We evaluate IR using Match@$k$, for $k\in\{20,40,100\}$ (Karpukhin et al., 2020). For MRC, we use standard Exact Match (EM) and F1 score. Finally, end-to-end ORQA accuracy is measured using Top-1 and Top-5 F1.

Table 2 shows performances of different IR systems on Open-COVID-QA-2019 and COVID-QA-111. BM25²²2Lucene Implementation. BM25 parameters $b=0.75$ (document length normalization) and $k_{1}=1.2$ (term frequency scaling) worked best. demonstrates robust results relative to the neural baselines. While DPR-multi is competitive with BM25 on COVID-QA-111, it is considerably behind on the larger Open-COVID-QA-2019. ICT improves over DPR-multi, indicating that even weak target domain supervision is useful. The proposed Adapted DPR system achieves the best single system results on both datasets, with more than 100% improvement over DPR-Multi on the Open-COVID-QA-2019 Test set. Finally, ensembling over BM25 and neural approaches yields the best results. The BM25+Adapted DPR ensemble is the top system across the board, with a difference of at least 14 points with the best baseline on the Open-COVID-QA-2019 Test set (all metrics), and 8 points on COVID-QA-111.

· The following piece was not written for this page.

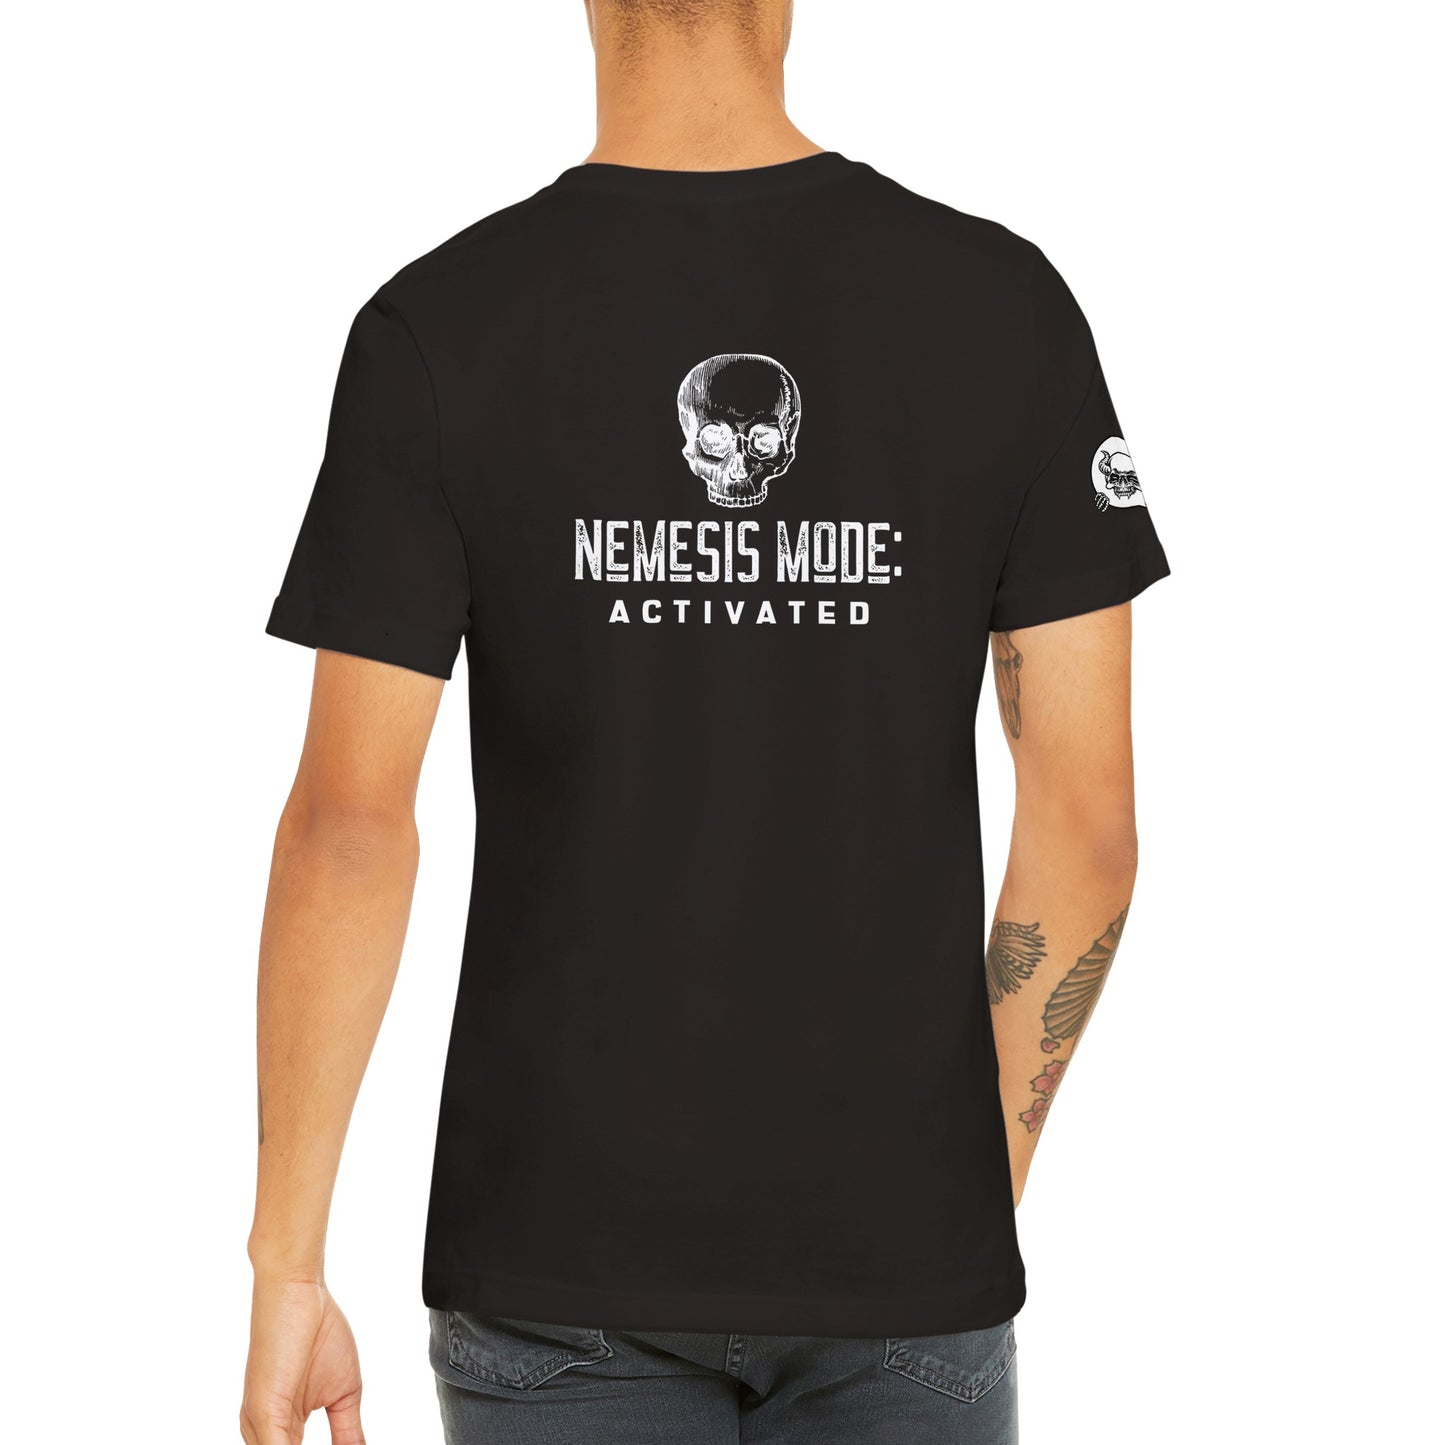 The "Strong Mode" Premium Unisex Crewneck T-shirt

Upon closer examination, we find that BM25 and Adapted DPR retrieve passages that are very different. For Open-COVID-QA-2019, for example, only 5 passages are in common on average between the top 100 retrieved by the two systems. This diversity in retrieval results explains why they complement each other well in an ensemble system, leading to improved IR performance.

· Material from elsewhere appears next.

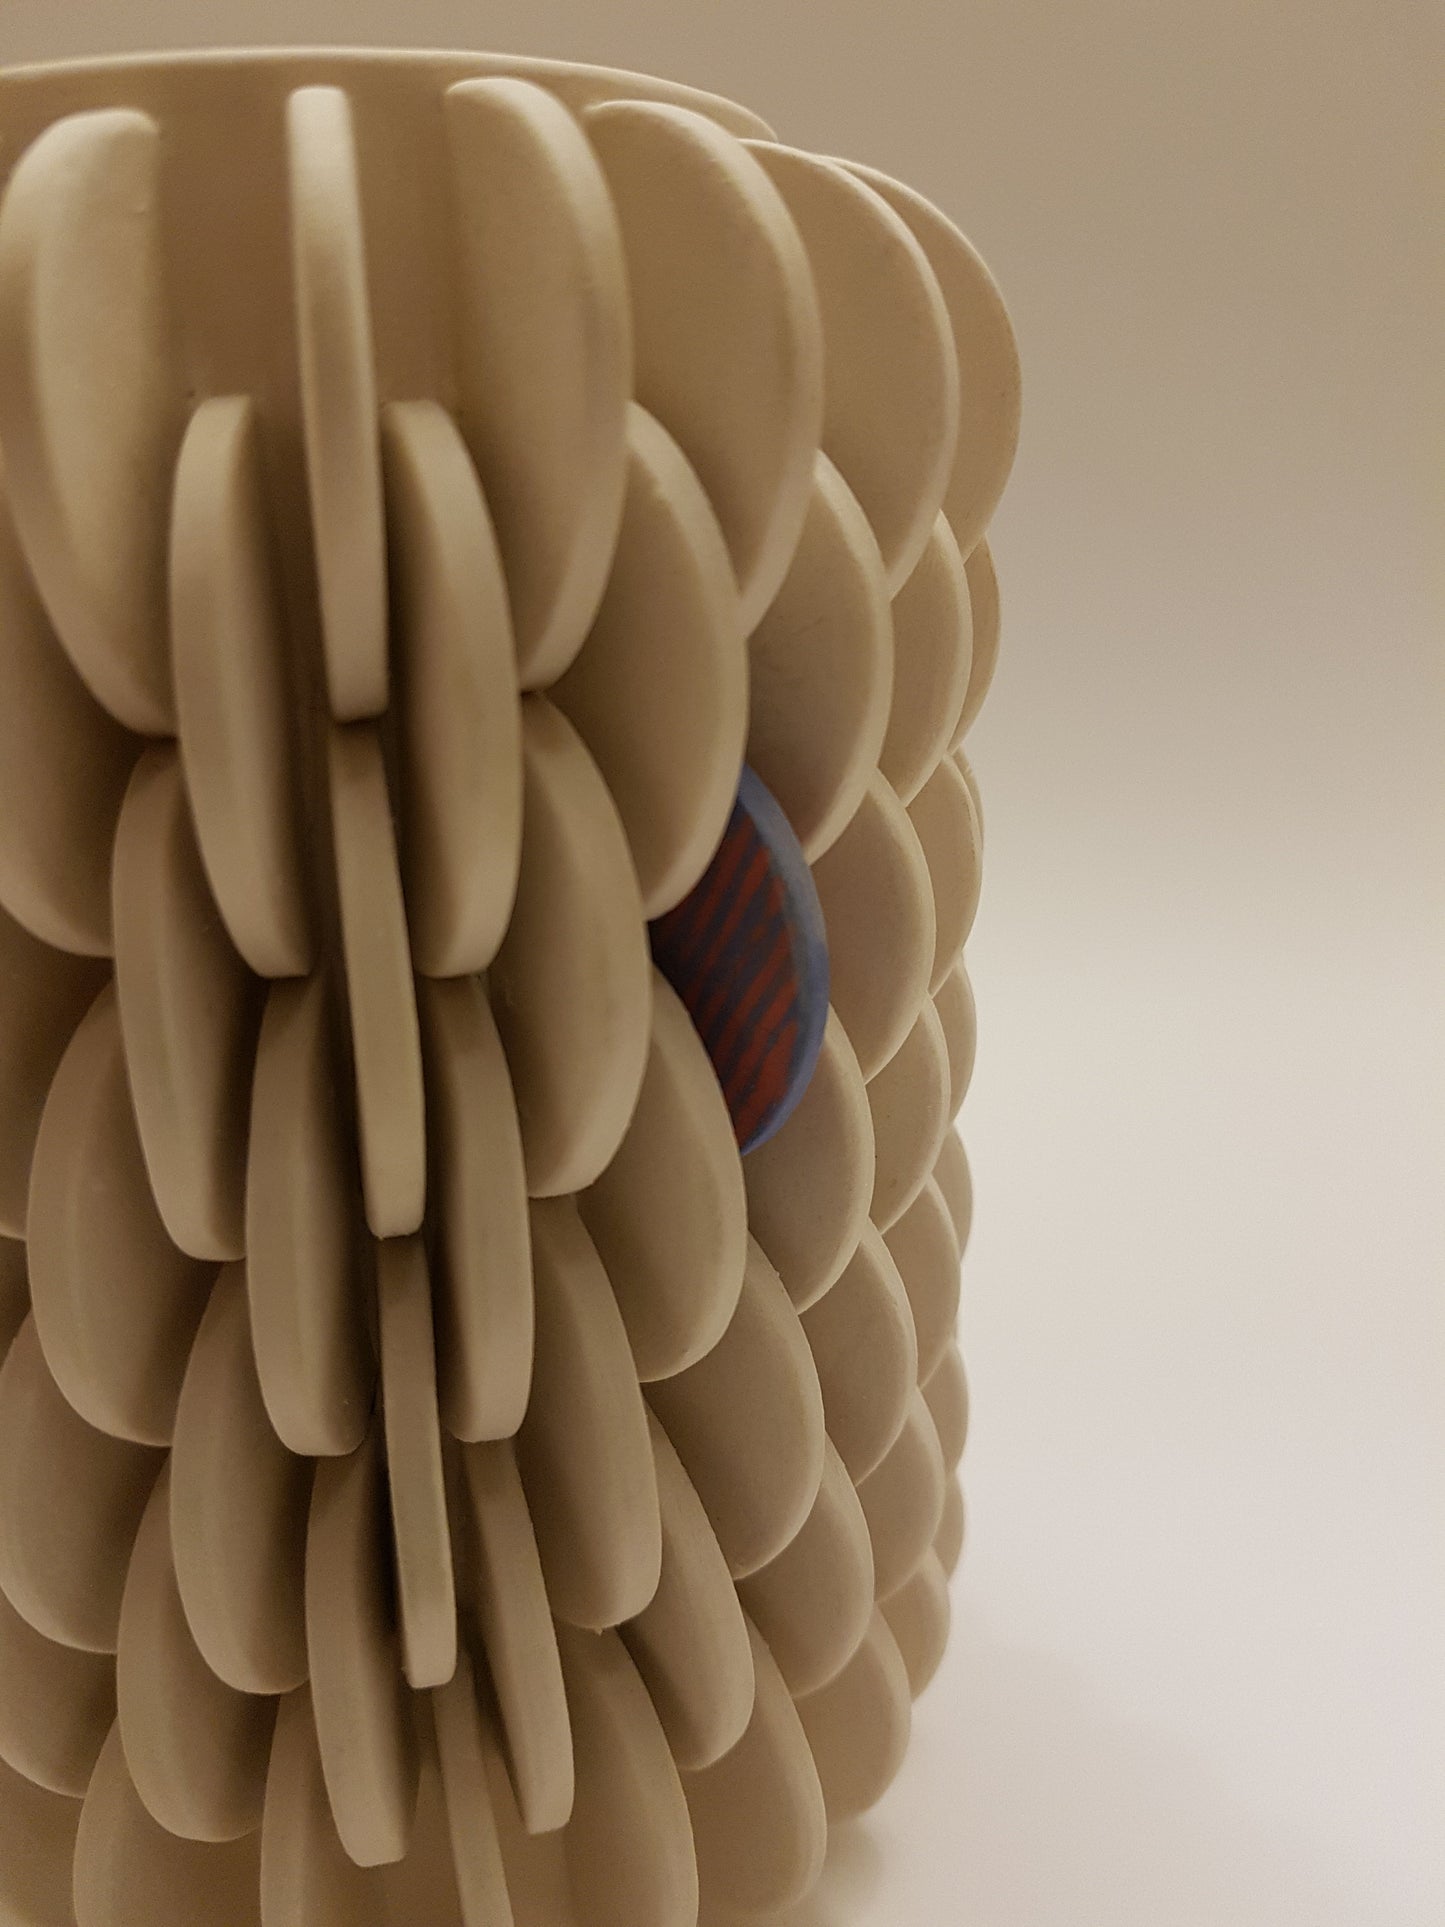 Vase with Single Patterned Disk

Table 4 shows results on the two COVID-19 MRC datasets. Input to each model is a question and an annotated document that contains an answer. Our proposed model achieves 2.0–3.7 F1 improvements on the Test sets over a SOTA open domain MRC baseline. On the COVID-QA-2019 Dev set, we see incremental gains from applying the two domain adaptation strategies.

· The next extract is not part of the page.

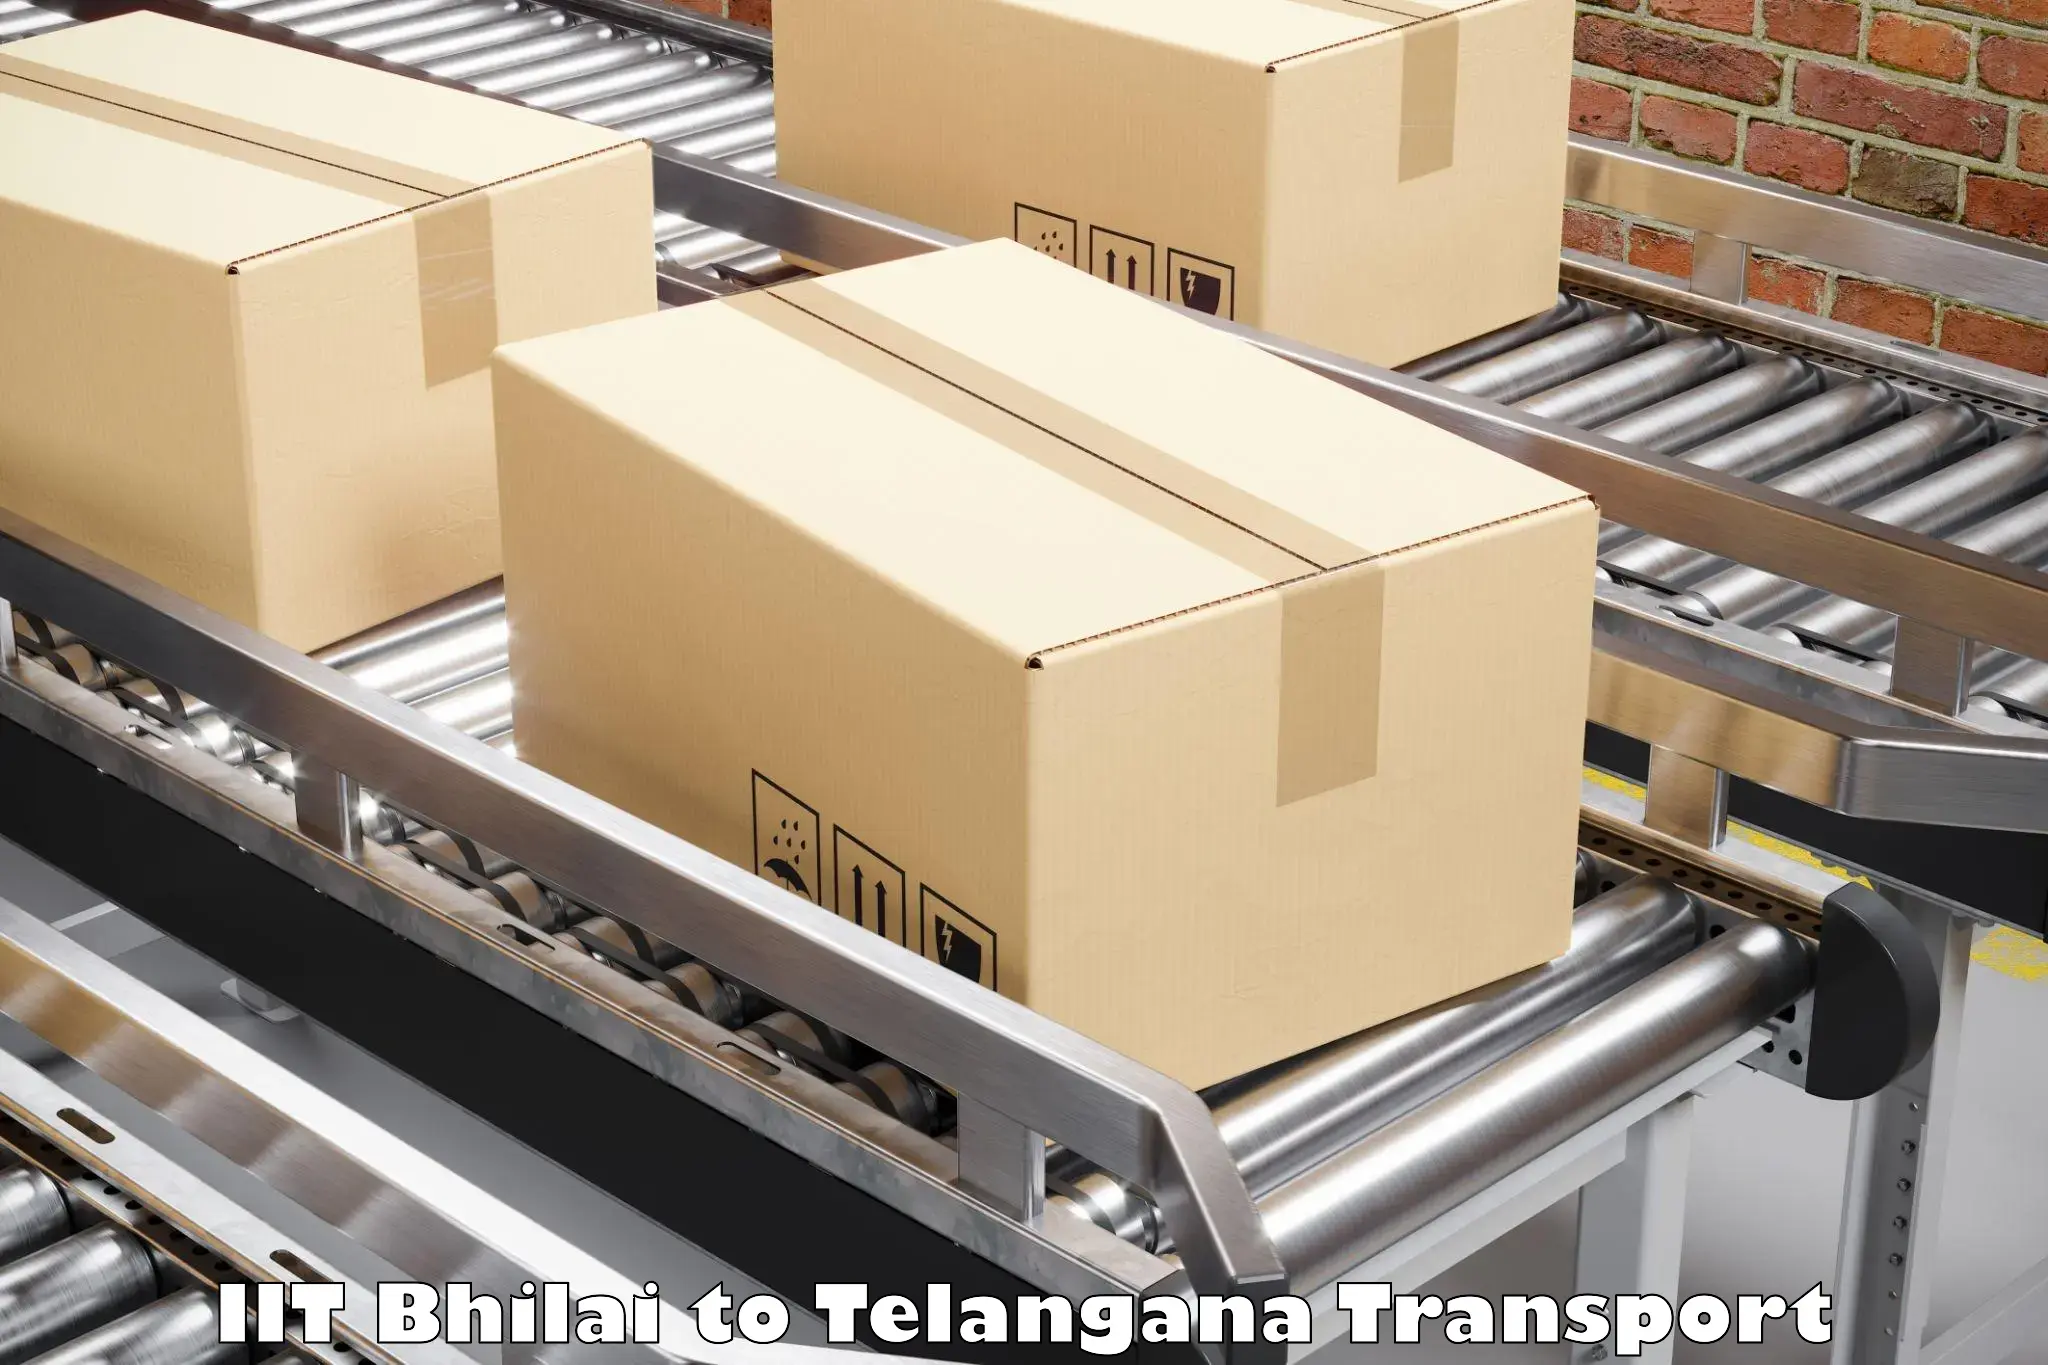 Online transport service IIT Bhilai to Vikarabad

Using different pairings of the above IR and MRC systems, we build several ORQA pipelines. Each computes a convex combination of its component IR and MRC scores after normalization, with the IR weight being 0.7 (tuned on Open-COVID-QA-2019 Dev). We observe that retrieving $K$=100 passages is optimal when IR is BM25 only, while $K$=40 works best for BM25+Neural IR.

Table 3 shows end-to-end F1 scores of the different ORQA pipelines. Adapted MRC refers to the best system of Section 4.2 (Table 4 Row 3). Crucially, the best system in Table 3 (last row) uses synthetic target domain supervision for both IR and MRC. In a paired $t$-test (Hsu and Lachenbruch, 2005) of the Top-5 F1 scores, we find the differences with the baseline (Row 1) to be statistically significant at $p$$<$$0.01$.

To investigate if our synthetically fine-tuned COVID-19 models can also help improve performance in a related target domain, we evaluate them zero shot on the BioASQ (Balikas et al., 2015) task. BioASQ contains biomedical questions with answers in the PubMed abstracts. For evaluation, we use the factoid questions from the Task 8b training and test sets, totaling 1,092 test questions. As our retrieval corpus, we use around 15M abstracts from Task 8a. We pre-process them as described in Section 3.1 to end up with around 37.4M passages.

Table 5 shows the BioASQ retrieval results, where the proposed Adapted DPR model outperforms both baselines. Table 6 summarizes the evaluation on the end-to-end ORQA task, where we see similar gains from synthetic training. These results show that synthetic training on the CORD-19 articles transfers well to the broader related domain of biomedical QA.